The Turks came out in a force of about 40,000 fighting men with a vast number of ships. This was to go against the 700 Knights and 8,000 to 9,000 other fighting men. There was requests for more men to be bough from Europe, but these reinforcements were late in coming. There was another 700 men who came later in the fight, just when the first fort fell (a day later they these men wouldn't of disembarked off their ships due to the first fort being taken), and then the war ended when the 8,000 to 12,000 men in the relief group came, some three and half months after the battle began.

The battle in Malta was a series of siege battles. The first fort to be attacked was St Elmo. This was at the entrance of the Grand Harbour. Its weakness was that cannons could be placed on the land and attacked from higher points.

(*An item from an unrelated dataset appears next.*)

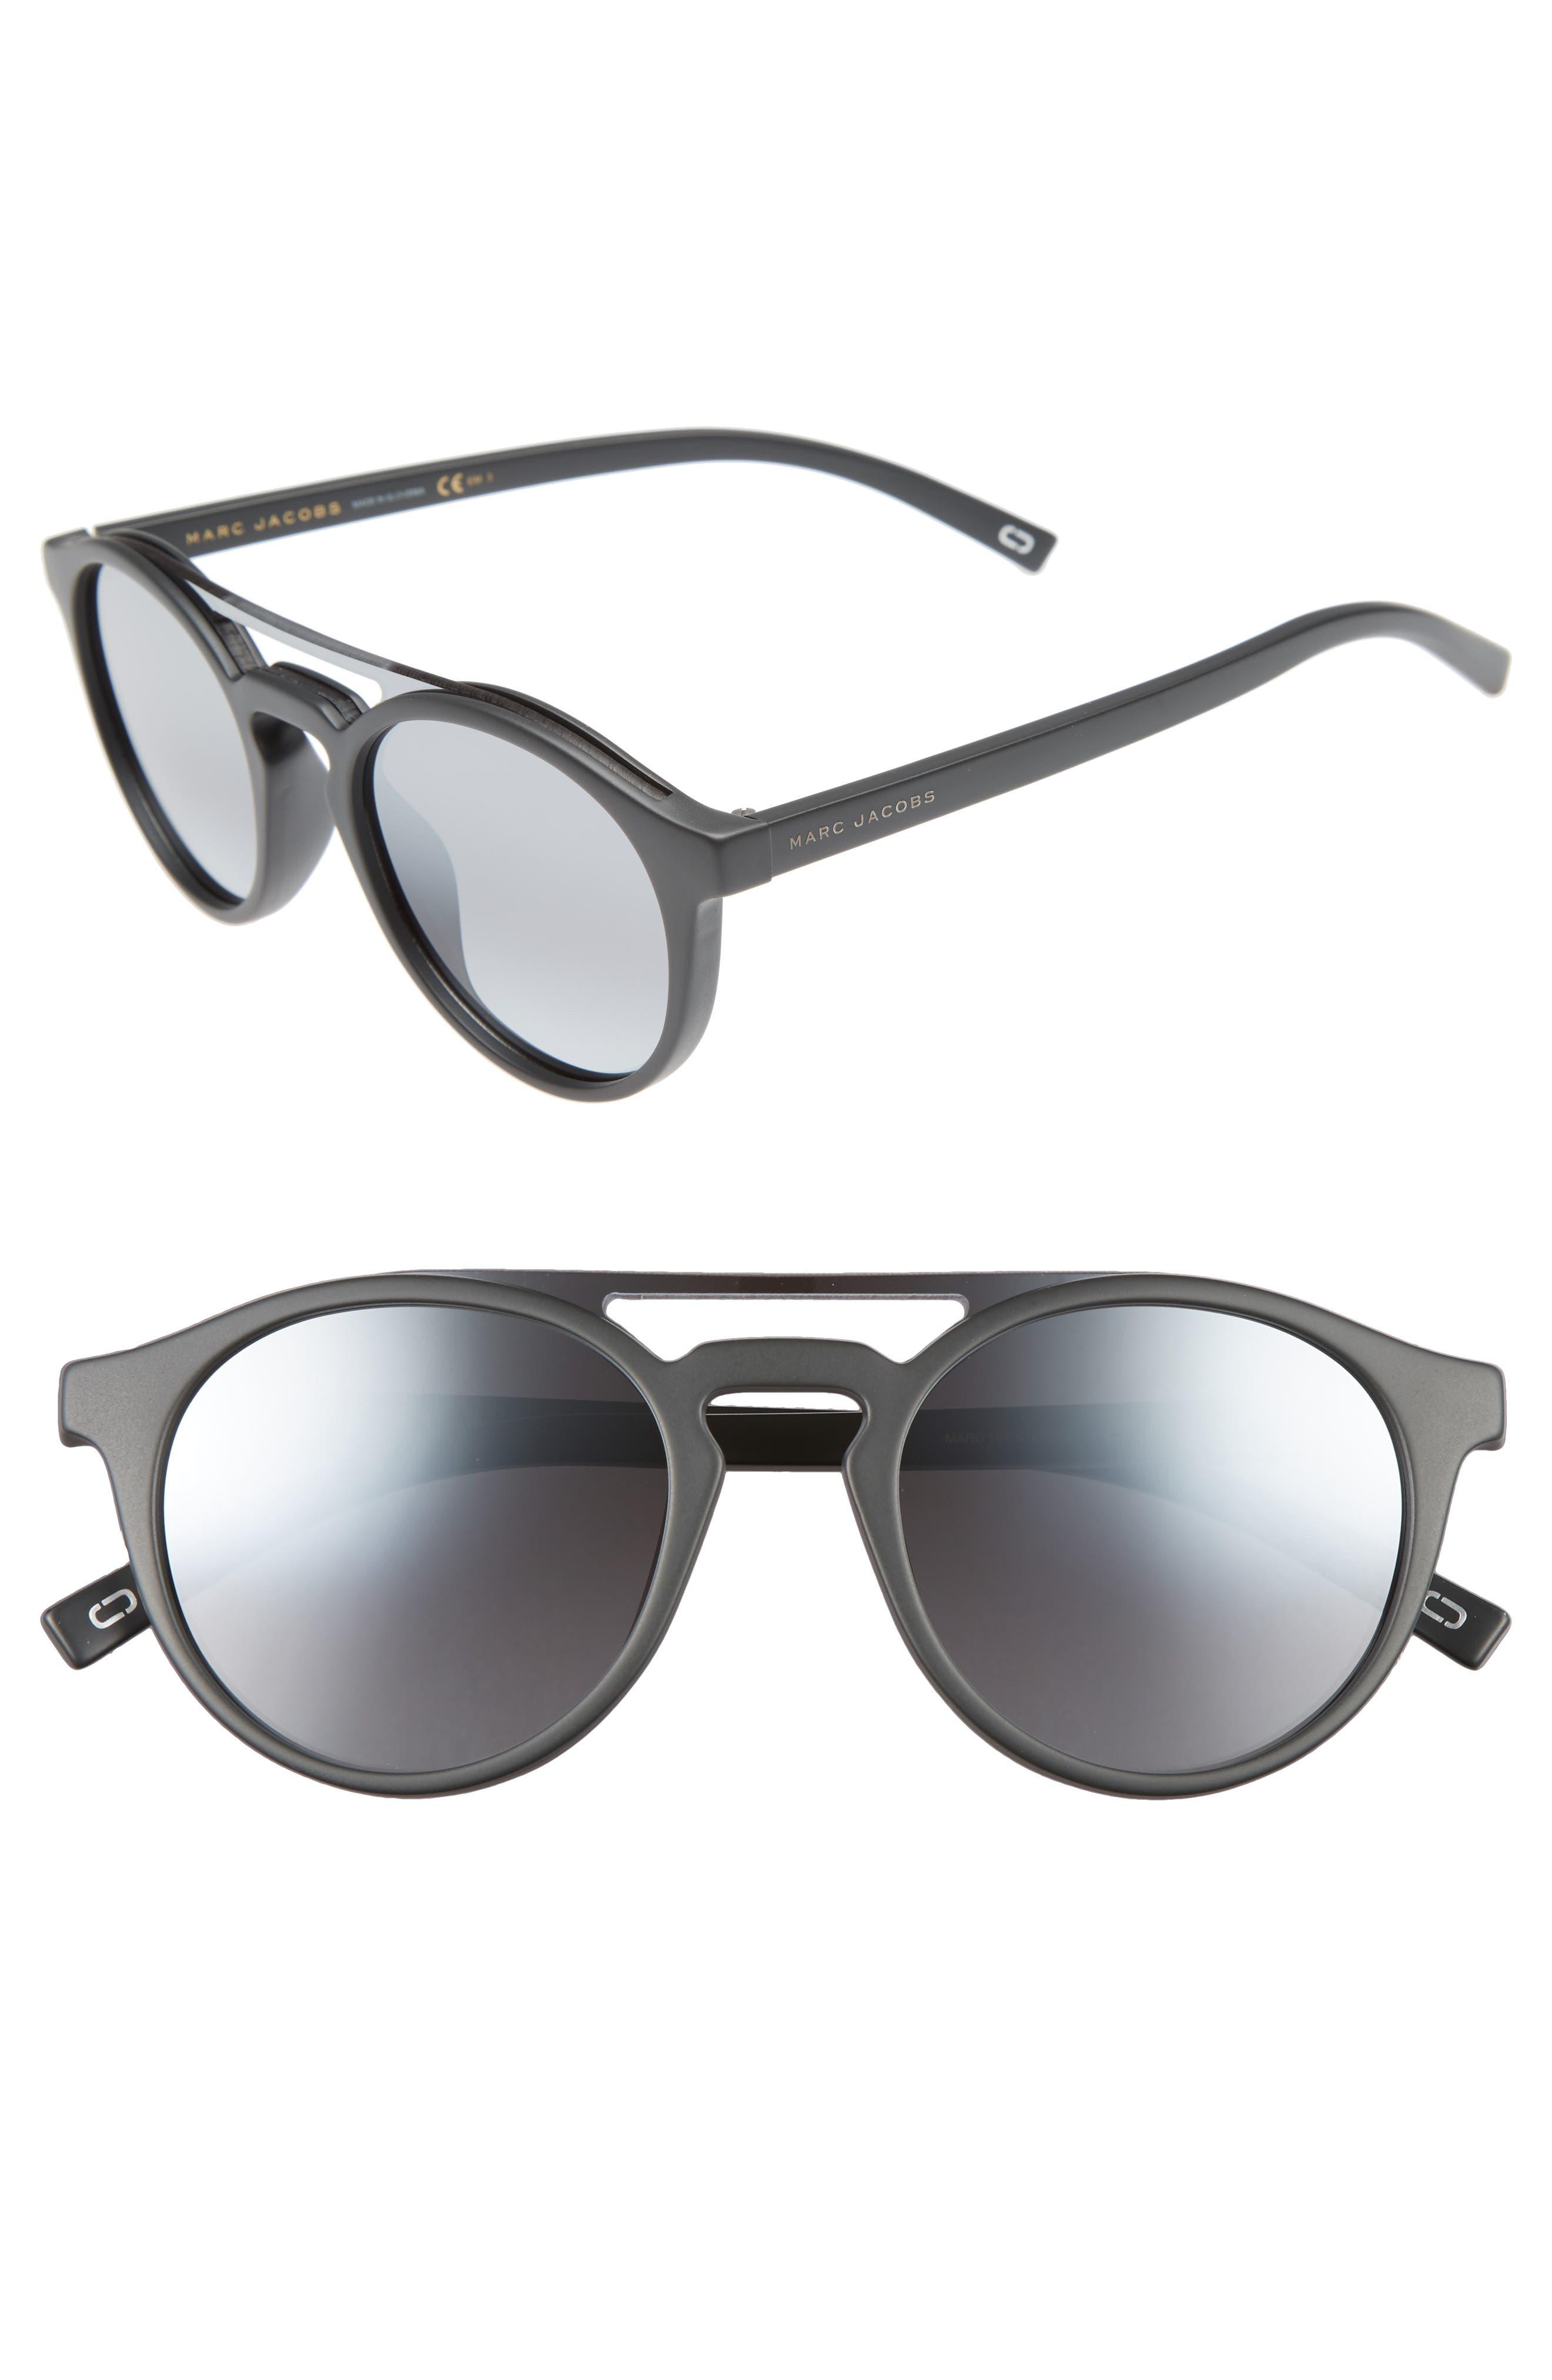 99mm Round Brow Bar Sunglasses,                             Main thumbnail 1, color,                             Dark Grey

Someone counted that in one day between 6,000 - 7,000 cannon balls were fired on this fort. The fort was able to be resupplied with more people as under the cover of darkness they would ship in reinforcements from St Angelo and ship out the wounded. Before the fort fell, the Ottomans had positioned cannons and guns along the water front to stop this infusion of new men into the fort. After being cut off the men knowing that no more help was going to come still lasted three more days under fierce attack.

It was pretty much a miracle that this fort withstood constant attack for 31 days. The Maltese lost around 1,400 men and 120 Knights. The Turks had lost around 8,000 men, of which a good number were their elite Janissaries. Twice they lost about 2,000 people in one day as they tried to breach the walls. The length and severity of taking this fort demoralized the Turks, they also experienced sickness and disease in their camps.

The battle than moved to two forts at Senglea and Birgu. These two were joined together by a chain across the bay (to stop ships from entering) and a wooden bridge so men to could between the forts for assistance where needed. Later, near the end of the battle, instead of consolidated all the forces into Birgu, the stronger fort, Valette burnt the wooden bridge. The thinking behind this move was that with two forts the attacks are split. If everyone hunkered down in one location, then entire army then only has one target. When the bridge was burnt, everyone in the forts realised, like those of St Elmo, that there was no escaping, they would all probably die at their posts. Before the relief force turned up, the Maltese and Knights were down to only 600 men who were still capable of fighting.

The author of this book praises the Maltese people. Their ability fight (and swim and die) along side the Knights was impression. Not a single Maltese person is recorded of surrendering or defecting to the other side. They once said something like they would rather be servants of the Knights than friends of the Turks. The author also tries to be as balanced as possible when describing both sides actions. Both the Muslims and the Christians are painted as fanatical. They each had their religious cause to fight and die for and they each had their promise of heaven or paradise to go to when they died. They both showed their enemies no mercy. It was a cruel time back then but it also made people legends. Although, there are not many Maltese recorded names in the battles.

I did love this book. I could go on and on about what happened. It was well written, with lots of detail on the people involved, their strategies and even their conversions they had (in the appendix the author claims to have not fabricated any of the conversations in the book). I found that after reading a few short chapters I had to tell someone about what the Knights were up to in the face of overwhelming odds. I'm now lending this book out to my wife's grandpa and I also bought a copy of this book for my Dad as I know he will love it.


  1. Interesting! Malta held out exceptionally well in WWII as well. Maybe they are a stubborn people? A people with much to be proud of anyway!